Freddie Gray ran from a police officer for unknown reasons. He was chased and detained by officers, who then found a switchblade on him. They arrested him despite his screams of pain, and then, within an hour when he was pulled out of the police van, his spine had somehow been mostly severed. A week later, Freddie Gray was dead. What happened to him? What did he do? What did the officers who had him in custody do? How did he sustain such unusual and severe injuries? We do not know. Baltimore does not know. But Freddie Gray is certainly not the first life lost to police violence. This is certainly not the first complaint of brutal policing against the Baltimore Police Department, or police departments in general. So why then, when regularly employing violence, do city officials find it nonsensical that Baltimore is rising up in anger?

Where were the calls for peace and non-violence when our supposed protectors murdered Freddie Gray? In Baltimore, there were no calls for peace and non-violence when Herriel Lyles, Starr Brown, and Venus Green were assaulted. There were no calls for peace and non-violence when Dondi Johnson Sr. and Jeffrey Alston were severely and irreversibly injured. Across the country, where were the calls for peace and non-violence before the senseless deaths of Tamir Rice, Walter Scott, Amadou Diallo, Akai Gurley, Eric Garner, Michael Brown, Yvette Smith, Rekia Boyd, Lamia Beard, Kimani Gray, Shantel Davis, Oscar Grant, Sean Bell, Eleanor Bumpurs, Pearlie Smith, and hundreds upon thousands of others?

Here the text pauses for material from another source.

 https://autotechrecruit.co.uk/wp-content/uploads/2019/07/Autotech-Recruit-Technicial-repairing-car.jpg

People with privilege, people without context, focus in on the rioting and place blame on the victims. They see damaged property and begin equating the anger and struggle of an oppressed community of color with savagery and animalistic behavior. They begin quoting Dr. King as if saying, “See, even one of your own knew better.” They completely miss the point. Non-violence was never intended to be another instrument with which the status quo could contain the oppressed masses. Even Dr. King said:

“It is not enough for me to stand before you tonight and condemn riots. It would be morally irresponsible for me to do that without, at the same time, condemning the contingent, intolerable conditions that exist in our society. These conditions are the things that cause individuals to feel that they have no other alternative than to engage in violent rebellions to get attention. And I must say tonight that a riot is the language of the unheard. And what is it America has failed to hear? It has failed to hear that the plight of the negro poor has worsened over the last twelve or fifteen years. It has failed to hear that the promises of freedom and justice have not been met. And it has failed to hear that large segments of white society are more concerned about tranquility and the status quo than about justice and humanity.”

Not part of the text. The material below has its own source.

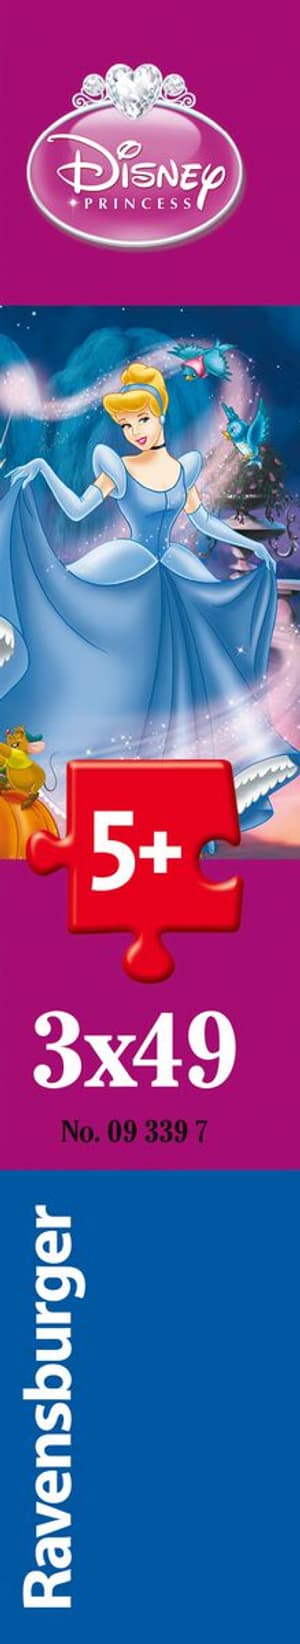 RVB Puzzle 3X49 T. Disney Princess

Is it not frightening how true these words still ring?

In Baltimore, city officials are calling for non-violence while the city itself is brutally beating and killing its citizens. This is hypocrisy. Reprimanding the oppressed for reacting “violently” to a violent system is hypocrisy. Reprimanding people whose very lives are at jeopardy for no other reason then the color of their skin, because of some damaged property, is ludicrous. This is not about justifying violence, or justifying riots. It is about understanding that anger and upheaval are results of a system that has shown nothing but malice. It is about understanding the fear of sending your child out to buy groceries, and knowing there is a chance he or she will be slain at the hands of the law itself. It is about understanding the deep-rooted frustration of knowing that the system that is meant to protect you is the very system that has always, and will always, continue to keep you down. It’s about valuing the lives of our brethren over the welfare of property. It is about overturning the status quo. It is about understanding the struggle.

No justice, no peace. Know justice, know peace.